Mint chocolate tartlets.

Mint chocolate tartlets.

мятно-шок тартал2

Short pastry:
75 g Butter
75 g Powdered sugar
150 g wheat flour
1 egg yolk
1-2 tbsp. l. ice water
a pinch of salt
a pinch of baking powder

Chocolate cream:
1 egg
20 g of sugar
2-3 cap. vanilla extract
177 g dark chocolate
348 g cream 20%
Zest of one orange

Peppermint Cream:
2 sprigs of mint (9-10 g)
40 g Yolks (from 2 eggs)
2-3 cap. vanilla extract
73 g White chocolate
2 g of gelatin
166 g cream 20%

Yield: 6 pcs.


Peppermint Cream:
The cream put on fire and bring to a boil. Add the mint leaves and give it brew for 30 minutes. Filter.
Gelatin divorce in ’10 cold water, give a swell. Cream again bring to a boil. Mix the yolks with the sugar and vanilla extract. Shred chocolate. A thin stream pour the cream into the egg yolks, constantly interfering. Iridescent creamy yolk mixture back into the pan, put on low heat and, stirring, bring to light thickens when the cream begins to envelop spoon. Remove from the heat and pour the mixture into crushed chocolate. Just wait and mix vigorously until chocolate is completely dissolved.
Dissolve the gelatin in the microwave or in a water bath, add in the cream, stir.
Pour into 6 spherical form with a diameter of 7 cm., And send in the freezer prior to assembly.

Short pastry:
Flour is sieved baking powder and salt. Cold, but not frozen butter cut into cubes. Mix the flour mixture, butter and powdered sugar, rubbing his fingers into crumbs. Add the egg yolk and 1-2 tbsp. l. of ice water. Knead the dough quickly, but surely :))) until the mixture starts to gather into a ball. We are putting it lightly to flatten, wrap in plastic wrap and ship 1 hour in the refrigerator.
The oven is heated to 180 * C. We get the dough, roll out thinly it. Distributed over the tartlets (6 cm. Diameter of the bottom), or metal rings (8 cm.), Do fork punctures and send back for half an hour in the refrigerator or 15 minutes. in the freezer. In each tartlet laid piece of parchment and pour “goods” (dry peas, rice or special metal balls). We send in the oven and bake for 10 min., Remove the “goods” and bake for another 5-7 minutes. until golden brown. Removed, cooled, carefully removed from the mold. Do not turn off the oven.

Chocolate cream:
In a saucepan, mix the cream, orange zest, vanilla extract and sugar, bring to medium heat until boiling. Chocolate shred and add to the mixture, stir to dissolve the chocolate. Egg sbaltyvaem slightly and add cream, mix well. Distribute the cream on the baked tartlets and send in the oven for 12-15 min., The cream should lightly grips the edges and at the middle, to remain liquid. Gently remove from the oven, cool for fully.

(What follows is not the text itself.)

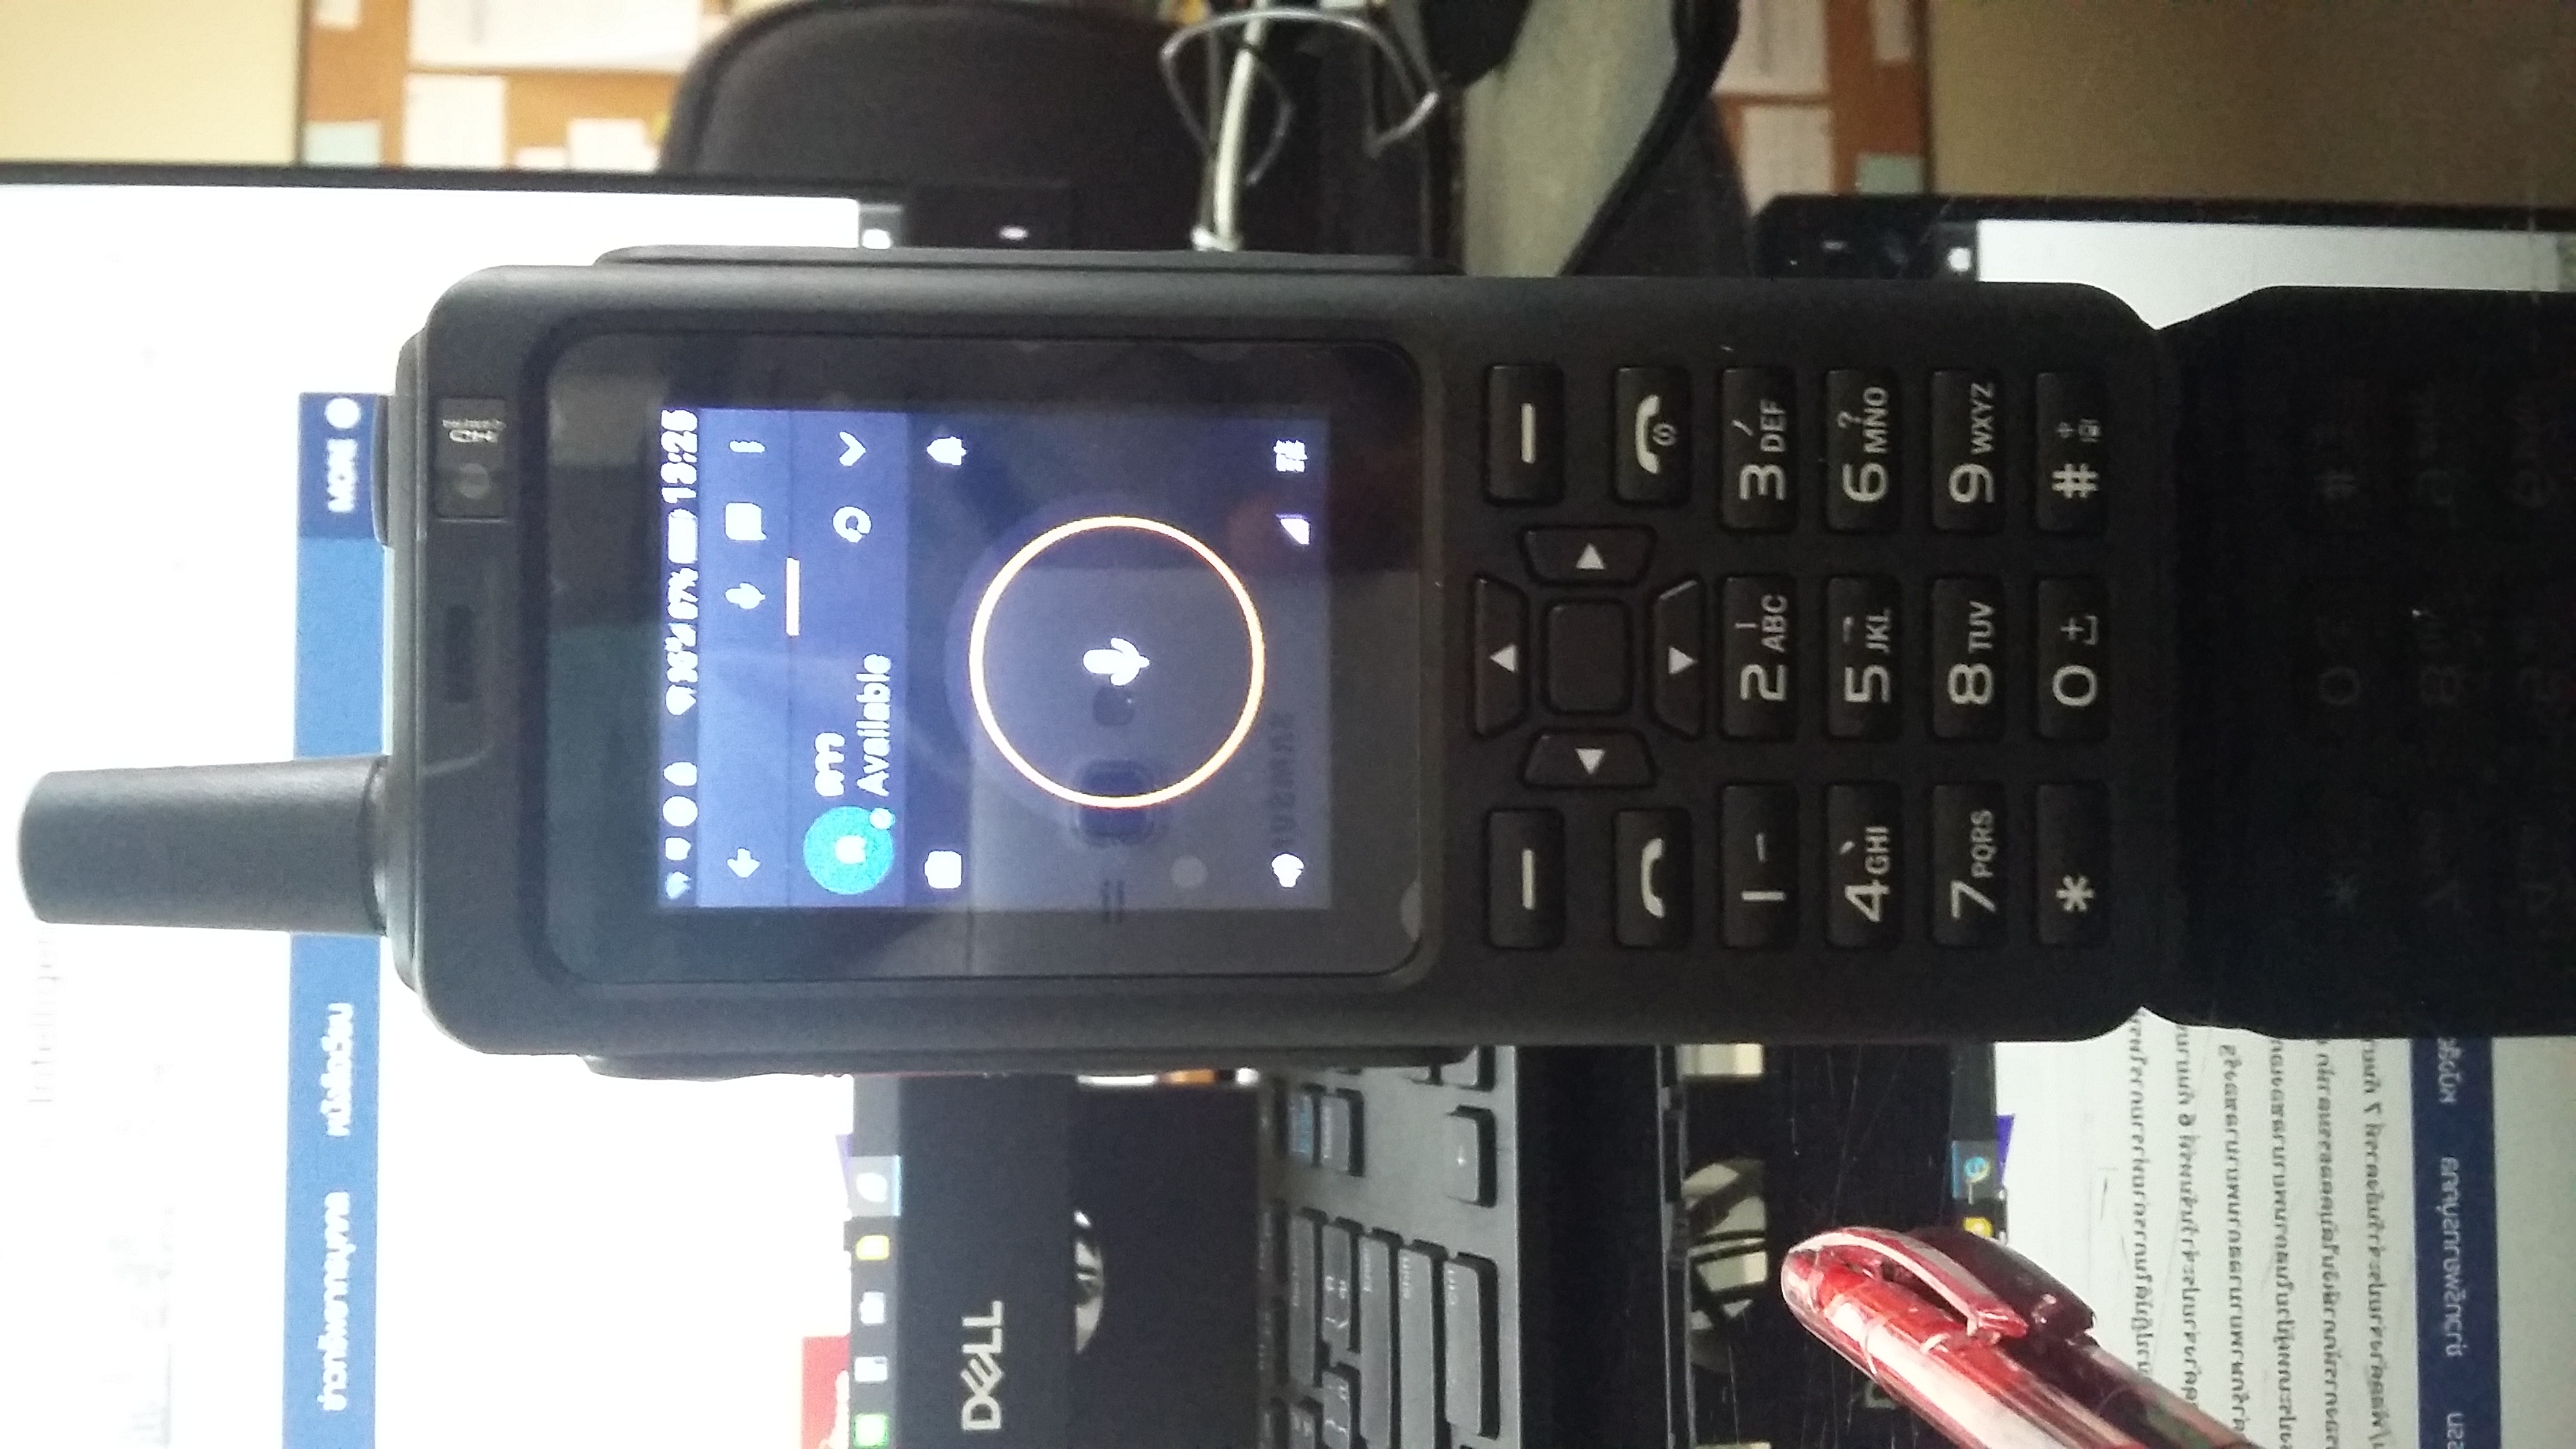 UNIWA Alps F40 Zello Mobile Phone IP65 Waterproof 2.4 Touchscreen 4G LTE  MTK6737M Quad Core 1GB+8GB Smartphone Lazada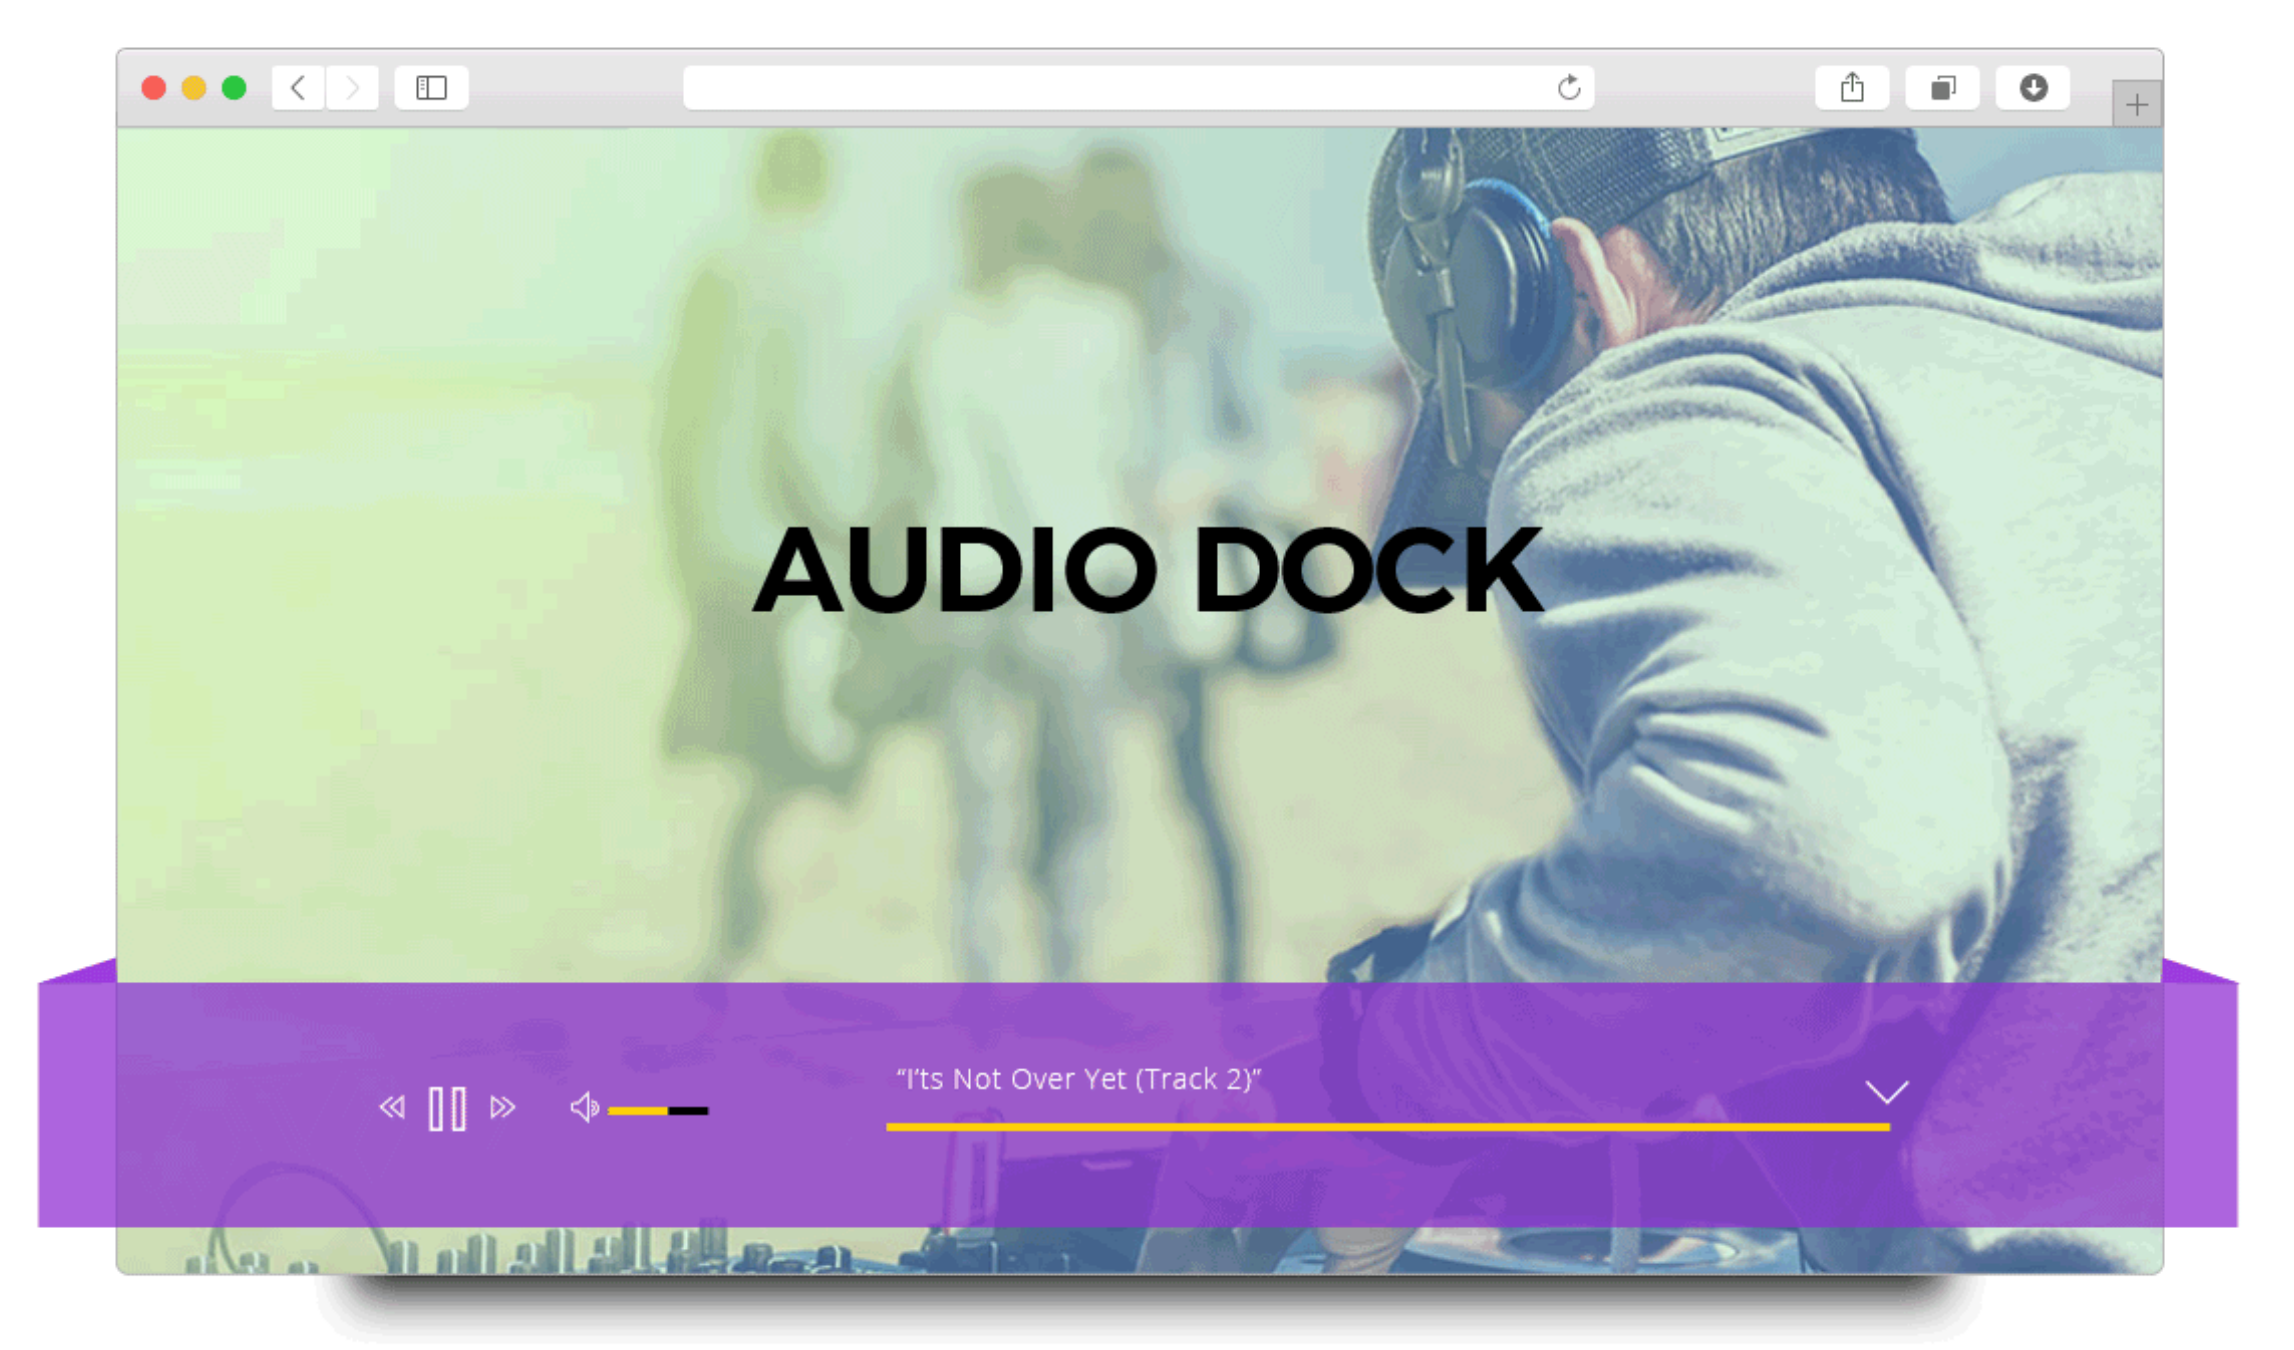 audio dock logo image

Hemispheres pull out of the freezer, removed from the mold. Optionally, you can fill in any hemisphere glaze: mirror, neutral, or whatever, but you can not fill and leave it as it is, will still be delicious 🙂
We put the hemisphere in tartlets. Decorate with chocolate chips, coconut and caramelized cocoa crumbs.